Hoeppner Marc P, Lundquist Andrew, Pirun Mono, Meadows Jennifer R S, Zamani Neda, Johnson Jeremy, Sundström Görel, Cook April, FitzGerald Michael G, Swofford Ross, Mauceli Evan, Moghadam Behrooz Torabi, Greka Anna, Alföldi Jessica, Abouelleil Amr, Aftuck Lynne, Bessette Daniel, Berlin Aaron, Brown Adam, Gearin Gary, Lui Annie, Macdonald J Pendexter, Priest Margaret, Shea Terrance, Turner-Maier Jason, Zimmer Andrew, Lander Eric S, di Palma Federica, Lindblad-Toh Kerstin, Grabherr Manfred G
Science for Life Laboratories, Department of Medical Biochemistry and Microbiology, Uppsala University, Uppsala, Sweden.
Broad Institute of MIT and Harvard, Cambridge, Massachusetts, United States of America; Division of Nephrology, Massachusetts General Hospital and Harvard Medical School, Charlestown, Massachusetts, United States of America.
PLoS One. 2014 Mar 13;9(3):e91172. doi: 10.1371/journal.pone.0091172. eCollection 2014.

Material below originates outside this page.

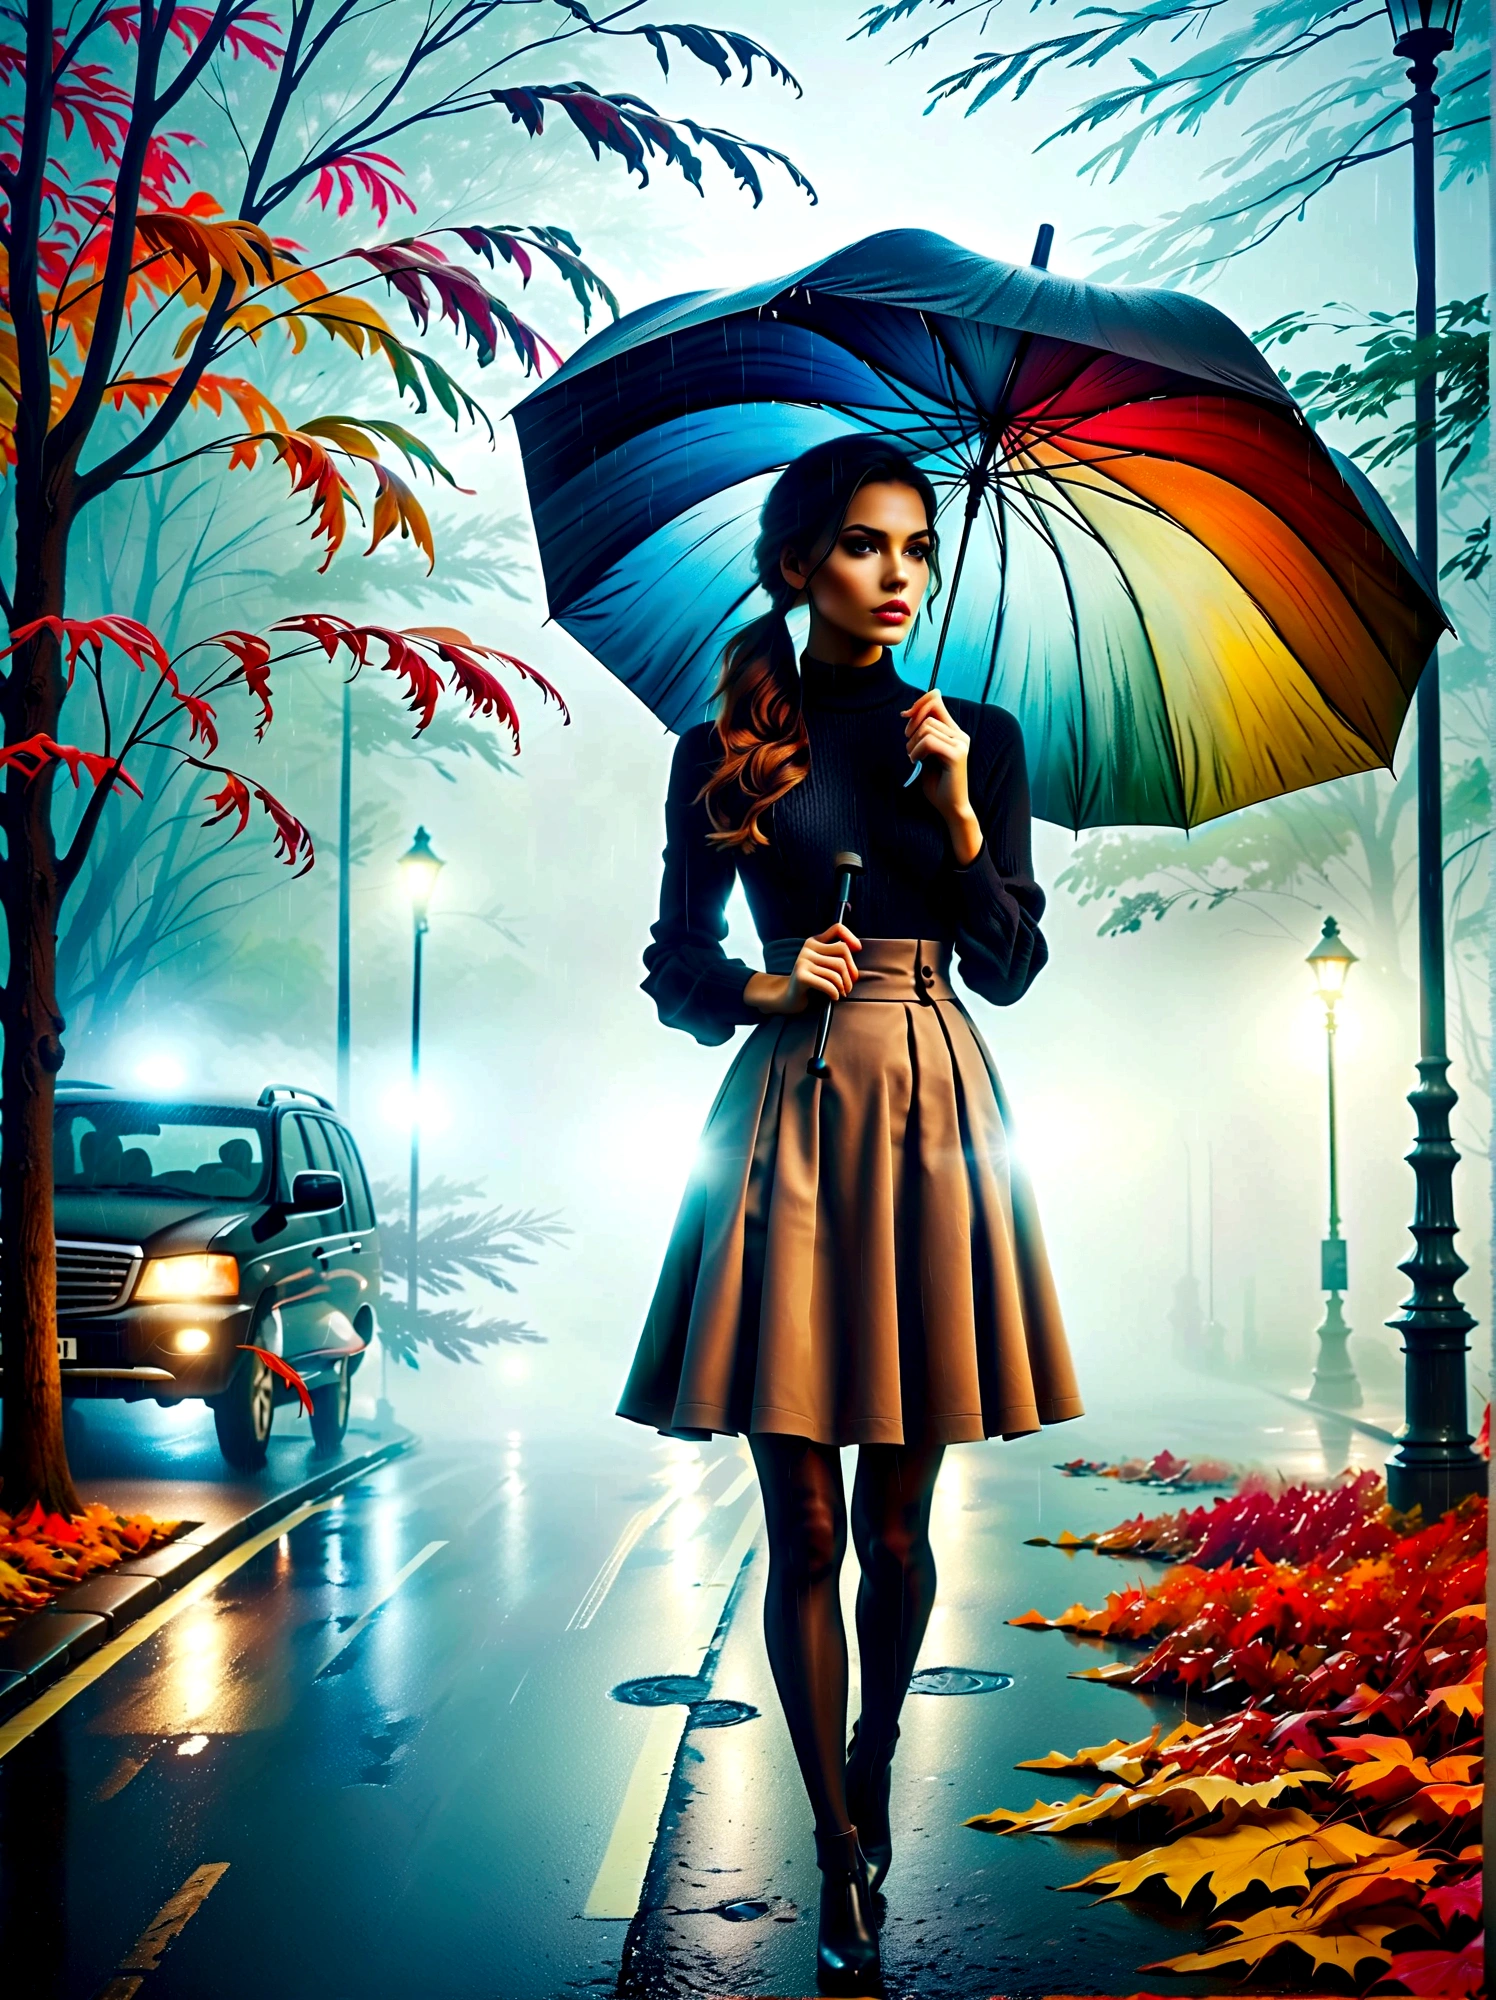 꽉 끼는 옷을 입고 우산을 손에 들고 있는 여자, in einer 안개가 낀en Stadt, 거리에 화려한 단풍, 쿠노 비버의 사진, 픽사베이 콘테스트 우승자, 개념 미술, 비 속에 서서,  mysterious 여성, 예쁜 여자, 비 속에 서 있는 것, 우산을 든 1인, 여성 ((실루엣)), ((안개가 낀)) 그리고 비오는, 그림자 속의 여성 이미지, 비가 오는 환경에서, 비가 오는 날씨, 비오는 도로를 배경으로 , ((빛이 있는 안개)), ((뒤에서보기)), 전면에서 나오는 빛

The domestic dog, Canis familiaris, is a well-established model system for mapping trait and disease loci. While the original draft sequence was of good quality, gaps were abundant particularly in promoter regions of the genome, negatively impacting the annotation and study of candidate genes. Here, we present an improved genome build, canFam3.1, which includes 85 MB of novel sequence and now covers 99.8% of the euchromatic portion of the genome. We also present multiple RNA-Sequencing data sets from 10 different canine tissues to catalog ∼175,000 expressed loci. While about 90% of the coding genes previously annotated by EnsEMBL have measurable expression in at least one sample, the number of transcript isoforms detected by our data expands the EnsEMBL annotations by a factor of four. Syntenic comparison with the human genome revealed an additional ∼3,000 loci that are characterized as protein coding in human and were also expressed in the dog, suggesting that those were previously not annotated in the EnsEMBL canine gene set. In addition to ∼20,700 high-confidence protein coding loci, we found ∼4,600 antisense transcripts overlapping exons of protein coding genes, ∼7,200 intergenic multi-exon transcripts without coding potential, likely candidates for long intergenic non-coding RNAs (lincRNAs) and ∼11,000 transcripts were reported by two different library construction methods but did not fit any of the above categories. Of the lincRNAs, about 6,000 have no annotated orthologs in human or mouse. Functional analysis of two novel transcripts with shRNA in a mouse kidney cell line altered cell morphology and motility. All in all, we provide a much-improved annotation of the canine genome and suggest regulatory functions for several of the novel non-coding transcripts.
家犬(Canis familiaris)是用于绘制性状和疾病基因座的成熟模型系统。虽然最初的草图序列质量不错,但缺口大量存在,尤其是在基因组的启动子区域,对候选基因的注释和研究产生了负面影响。在此,我们展示了一个改进的基因组版本canFam3.1,它包含85兆字节的新序列,现在覆盖了基因组常染色质部分的99.8%。我们还展示了来自10种不同犬类组织的多个RNA测序数据集,以编目约175,000个表达基因座。虽然之前由EnsEMBL注释的编码基因中约90%在至少一个样本中有可测量的表达,但我们的数据检测到的转录本异构体数量将EnsEMBL注释扩展了四倍。与人类基因组的共线性比较揭示了另外约3000个在人类中被表征为蛋白质编码且在犬类中也表达的基因座,这表明这些基因座之前未在EnsEMBL犬类基因集中被注释。除了约20,700个高可信度蛋白质编码基因座外,我们还发现了约4600个与蛋白质编码基因外显子重叠的反义转录本、约7200个没有编码潜力的基因间多外显子转录本,它们可能是长链基因间非编码RNA(lincRNA)的候选者,并且约11,000个转录本是通过两种不同的文库构建方法报告的,但不符合上述任何类别。在这些lincRNA中,约6000个在人类或小鼠中没有注释的直系同源物。在小鼠肾细胞系中对两个带有短发夹RNA的新转录本进行功能分析,改变了细胞形态和运动性。总而言之,我们对犬类基因组进行了大幅改进的注释,并为一些新的非编码转录本提出了调控功能。